Стефания повернулась к мужу, который доселе молчал.
– Джакомо, будь добр, объясни своей сестре. Объясни, что мы отказываемся содержать ее. Наберись смелости, скажи правду!
Я тоже посмотрела на брата:
– Да, Джакомо. Скажи. Я хочу услышать, что ты думаешь.
Он долго молчал. Потом сказал – сдавленно, нерешительно:
– Стефания говорит правду, Ритта. Мы слишком бедны. Мы… ну, не можем же мы пожертвовать своими детьми ради… ради твоих.
Я закусила губу. Теперь, когда высказался брат, мне все стало ясно. Продолжать перепалку было бы нелепо, кроме того, это означало бы поссориться окончательно. То есть навсегда… А я этого не хотела. Если уж на то пошло, обстоятельства вынудили их так поступать. Да и надо было принимать во внимание то, что Стефания беременна, – оттого и ведет себя так взвинченно.
Я убрала прядь волос с лица. Потом резко спросила:
– Сколько часов я могу еще пробыть у вас? Джакомо не отвечал. Стефания, повернувшись ко мне спиной и убирая посуду, угрюмо пробормотала:
– Два дня. Так и быть, на два дня оставайся.
– Хорошо.
Я вышла, хлопнув дверью. И уже там, на холодной лестнице, припав щекой к каменной стене, заплакала.
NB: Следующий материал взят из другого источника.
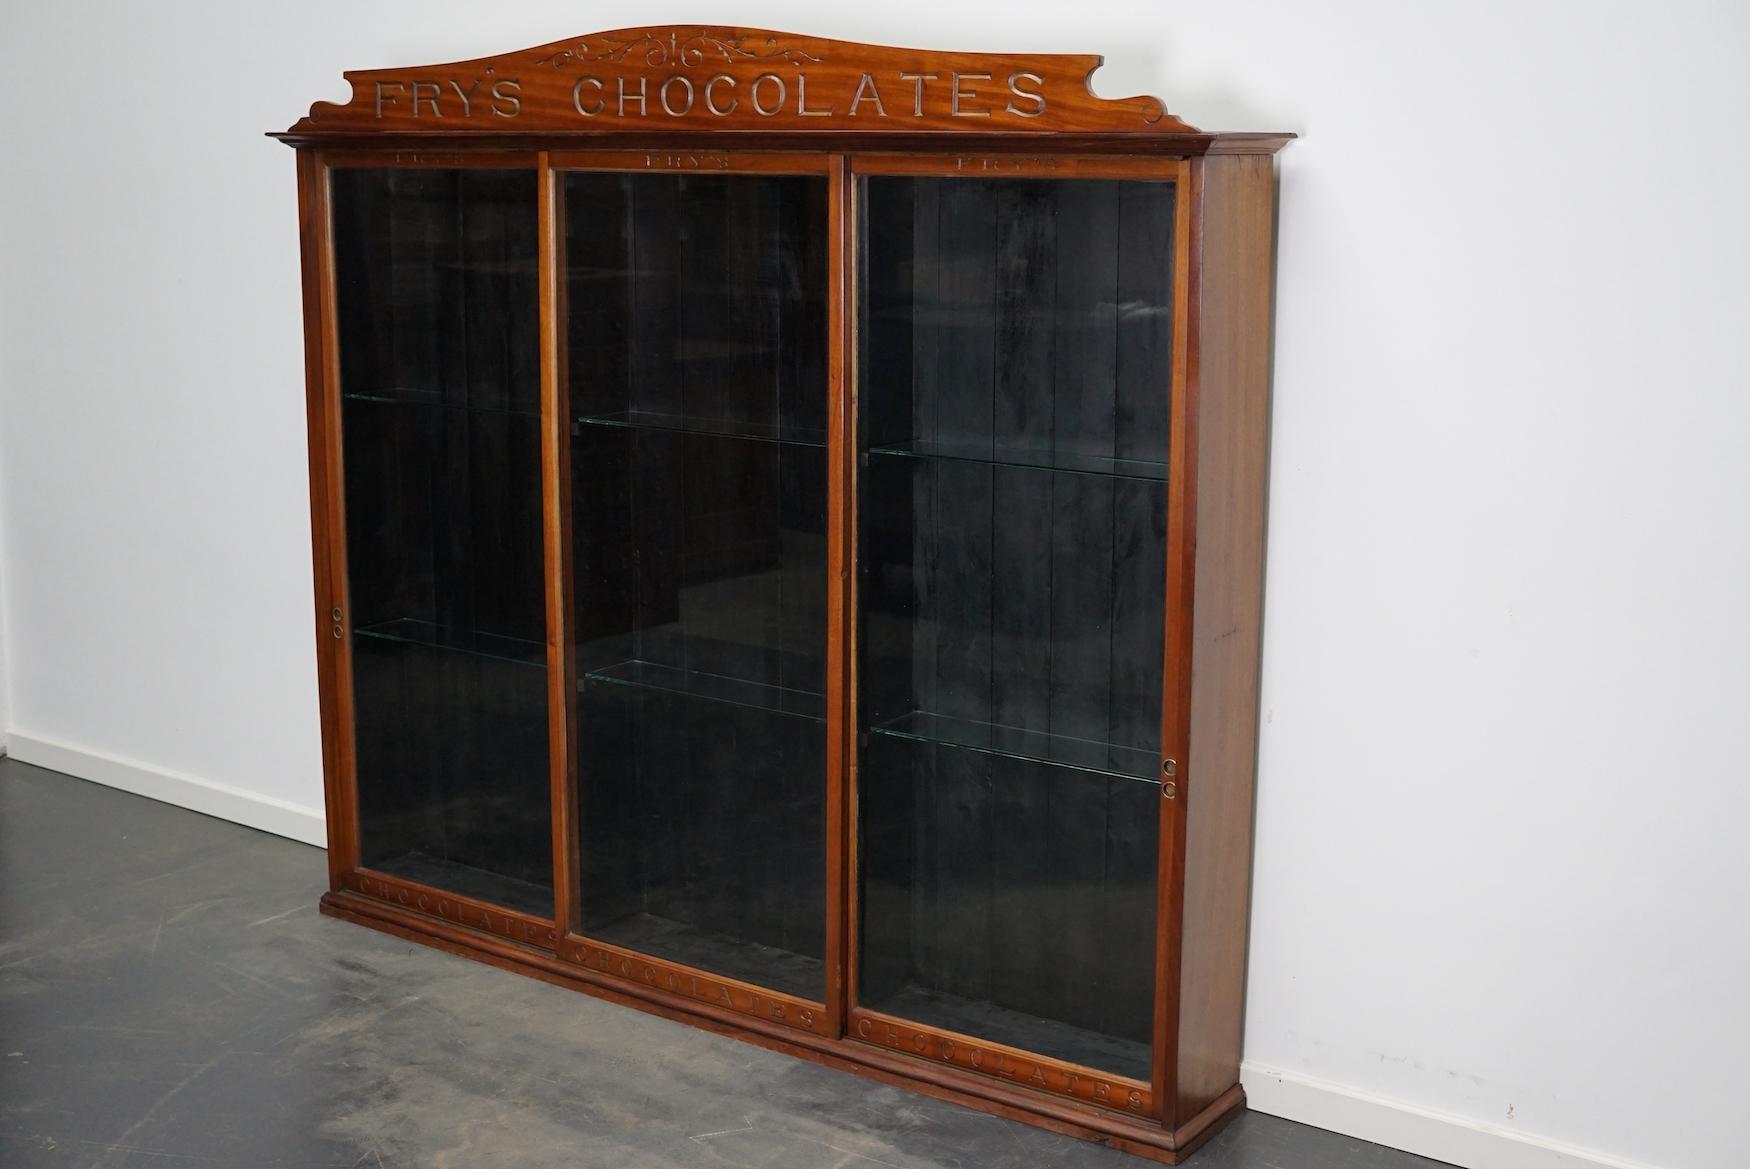 A very special Victorian mahogany display cabinet made for Fry's Chocolates. This outstanding large cabinet has three glass doors and six glass shelves.

Как изменилась жизнь… Все было поставлено с ног на голову. Роскошь и нищета, как и прежде, делили общество на две неравные части; на мою долю теперь досталась нищета, и с этим надо смириться. Хотя смириться – этого мало… Надо как-то выжить. И я никак не могла понять, каким образом это можно сделать.
Маргарита нашла меня, стала ласково гладить мои плечи.
– Ну, довольно убиваться, мадам. Вы прямо как дитя. Не переживайте так из-за этой ссоры.
– Я не из-за этого переживаю. Хотя Стефания…она могла бы не при детях все это высказать. Жанно – он такой ранимый.
Я вытерла слезы на щеках и едва слышно пробормотала:
– Представляешь, Маргарита столько людей есть на свете, а я ни к кому не могу обратиться за помощью. Даже к брату.
– Вы сами выкарабкаетесь, я вас знаю.
– Сама! Всегда сама! Я не хочу больше сама! Будь проклято это слово!
Губы у меня дрожали. Пытаясь взять себя в руки, я произнесла:
– Маргарита, ты же не представляешь нашего положения. У меня в карманах – ни одного денье. О су и говорить не приходится. Ты понимаешь? Мы умрем прямо на улице от голода и холода, я в этом уверена.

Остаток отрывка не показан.